◆ Exercise description
Will you write out the data exactly, excluding every picture?

◆ Recorded information
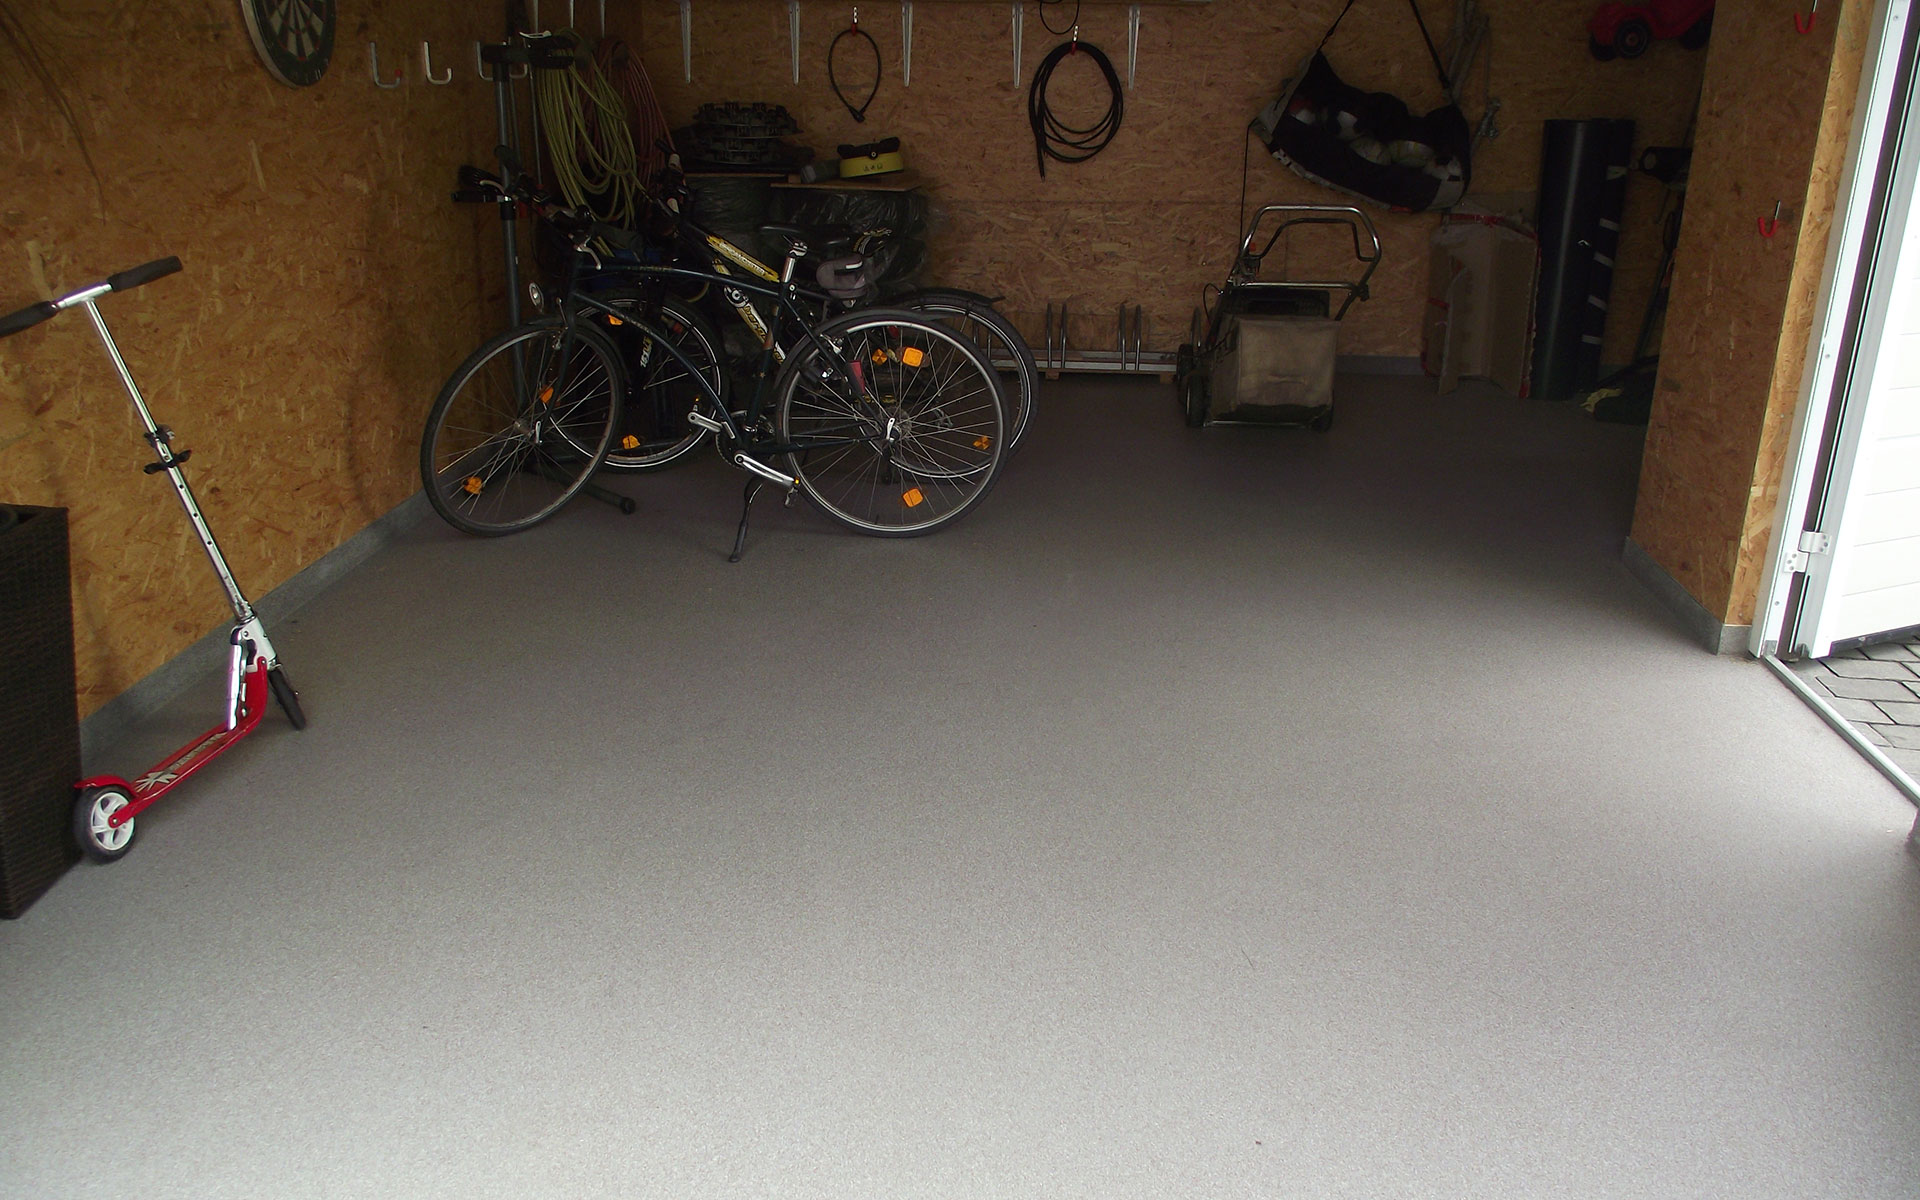 Garagen_002
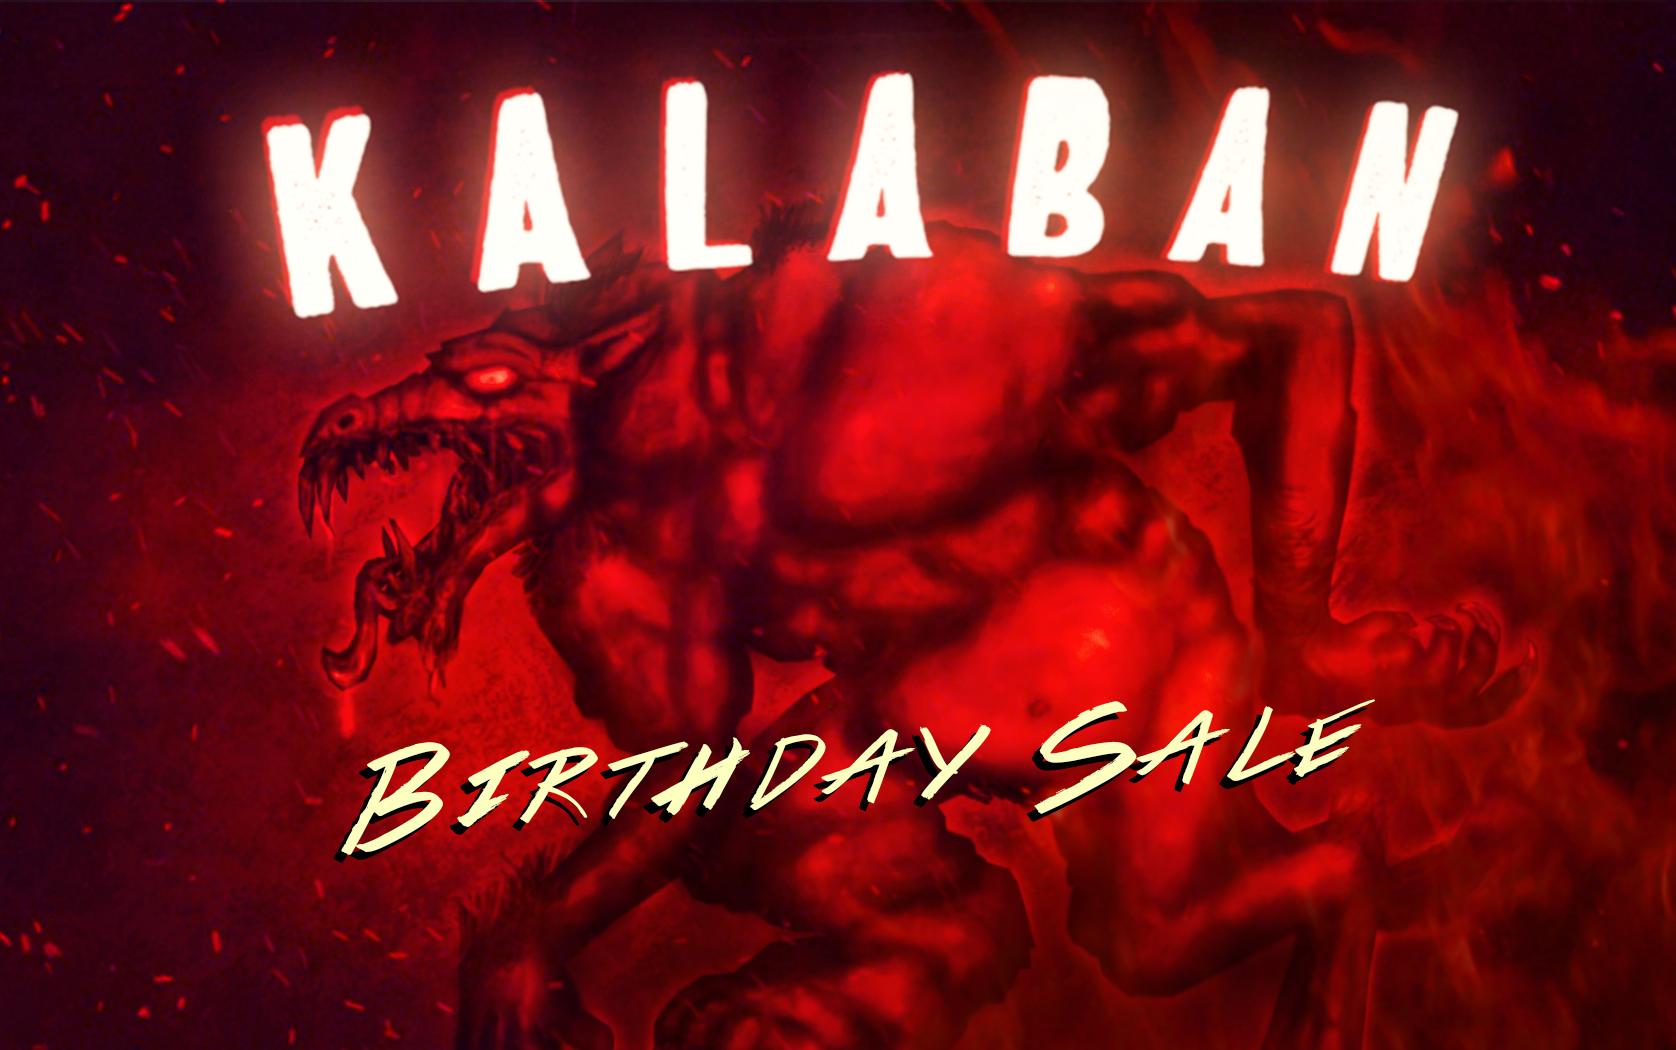 Promo BirthdaySale v2
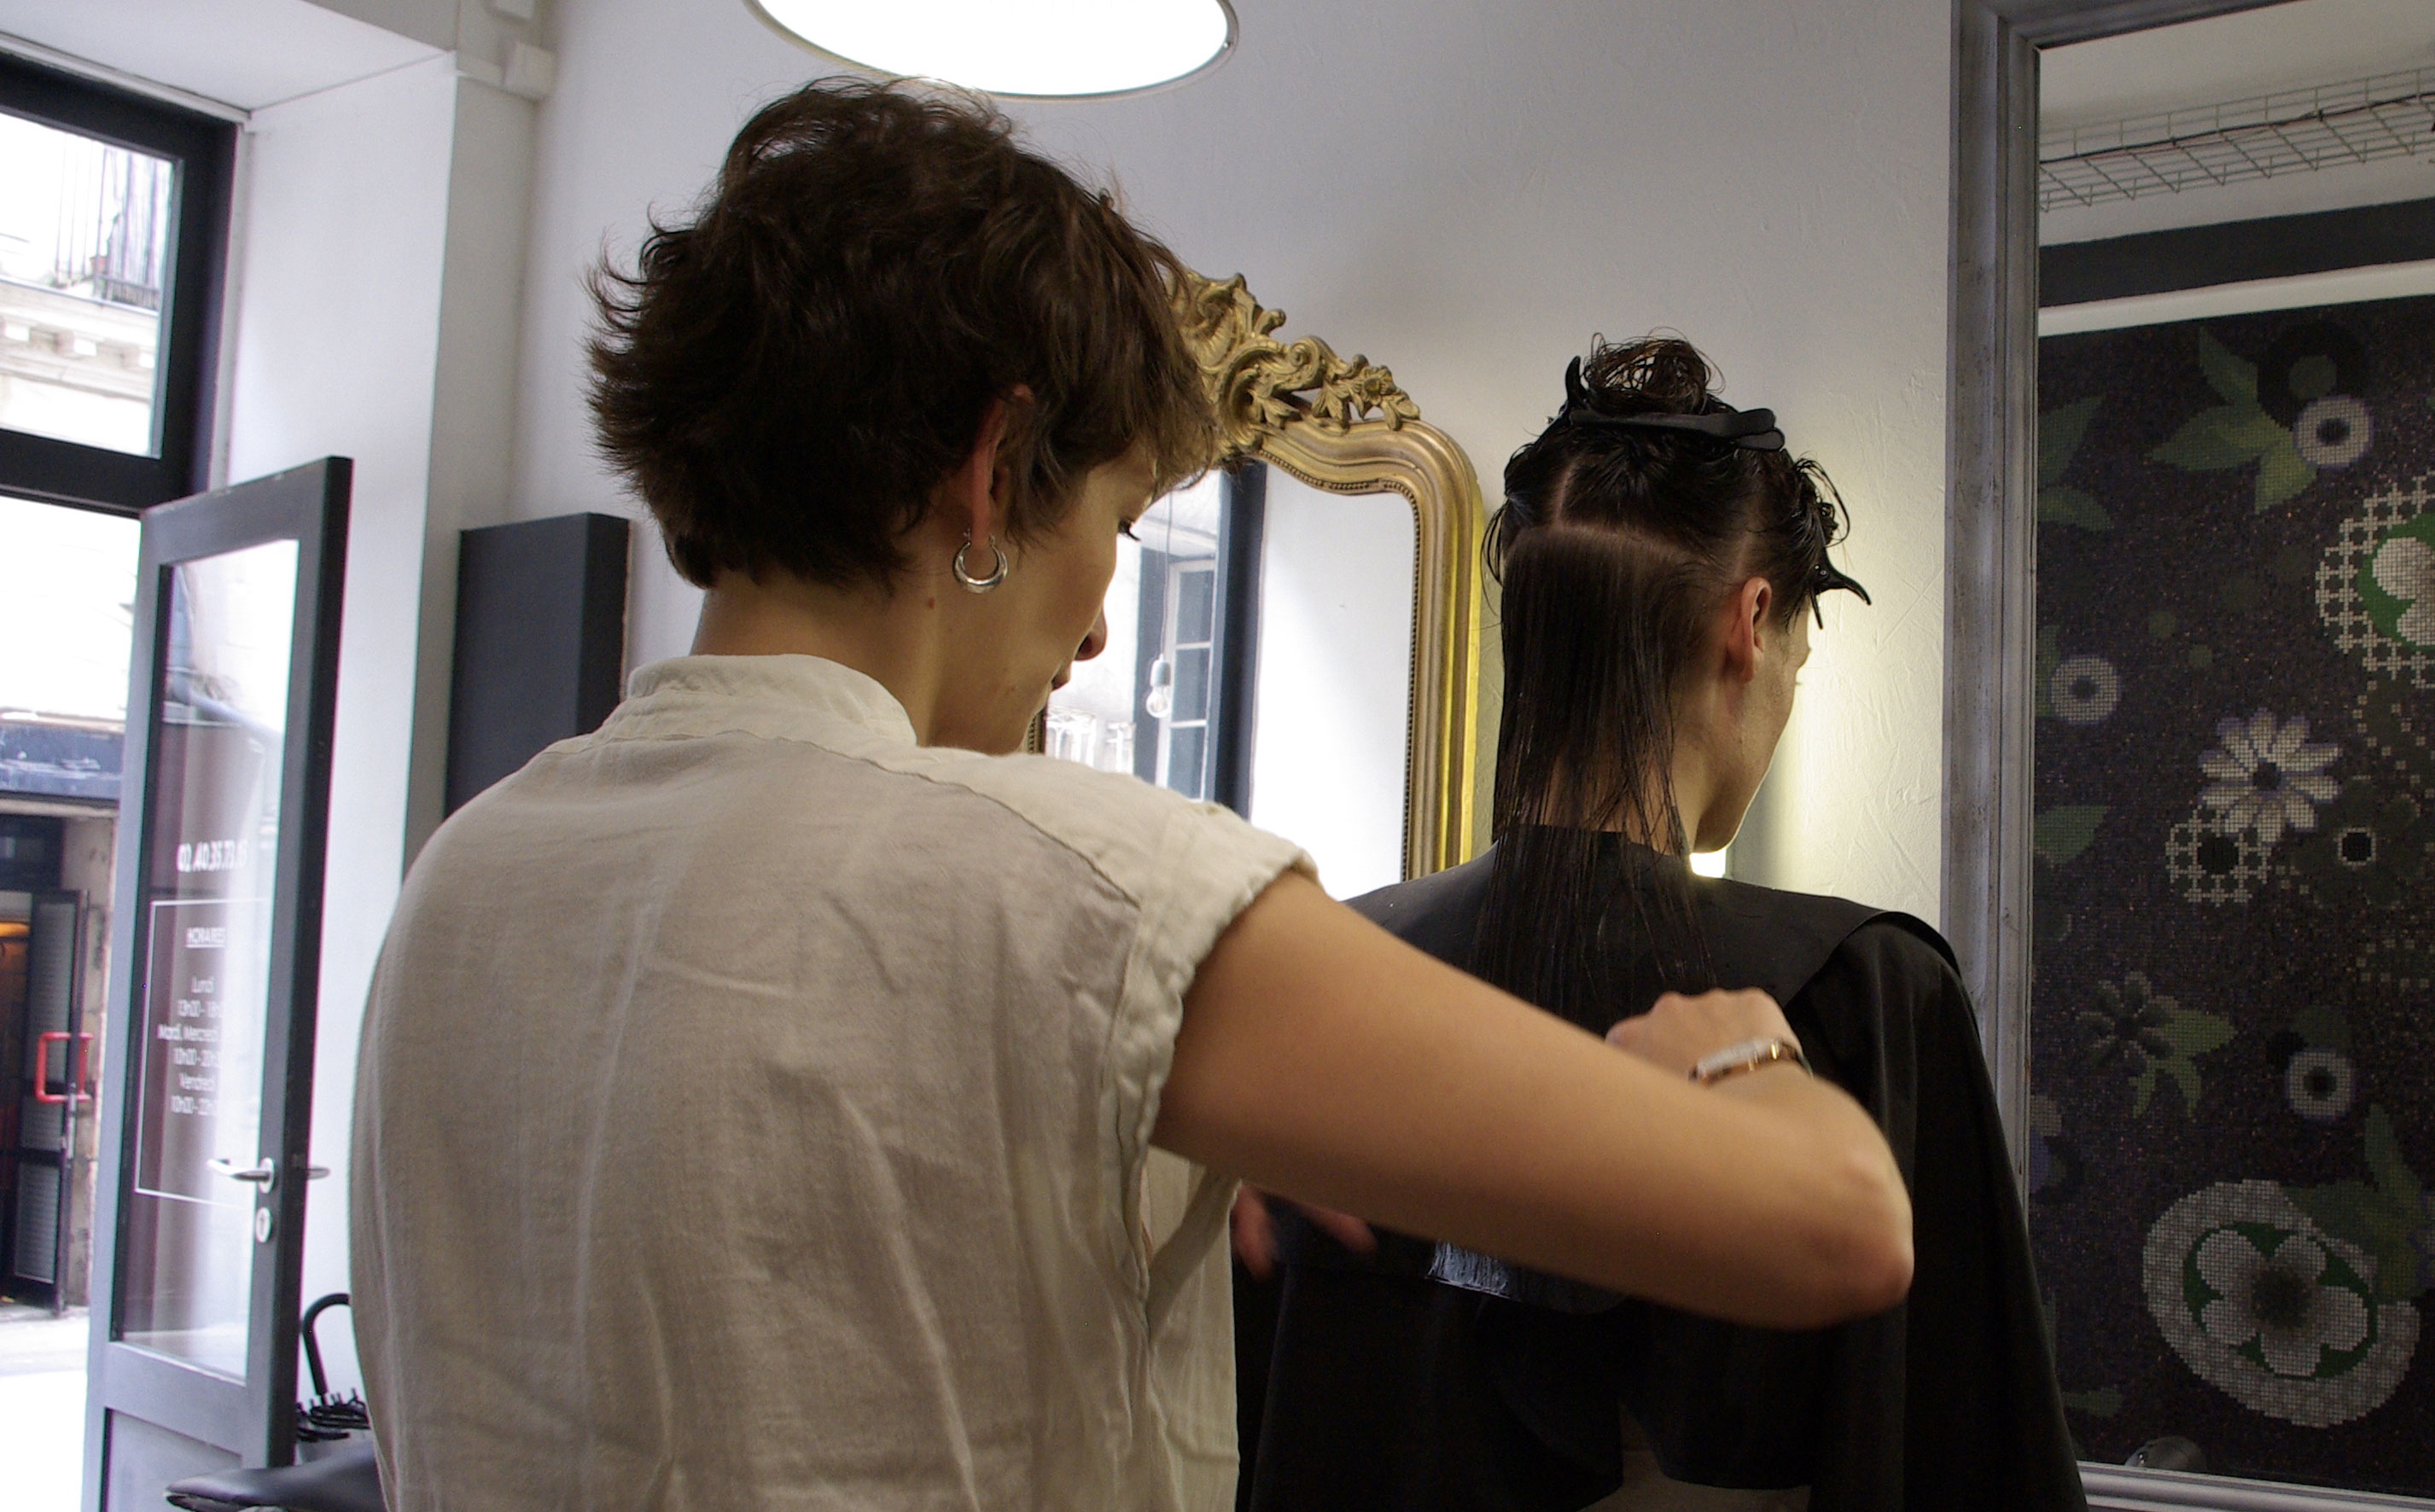 Salon de coiffure pour femme u00e0 Nantes - MAD

◆ Answer below
 Garagen_002
 Promo BirthdaySale v2
 Salon de coiffure pour femme u00e0 Nantes - MAD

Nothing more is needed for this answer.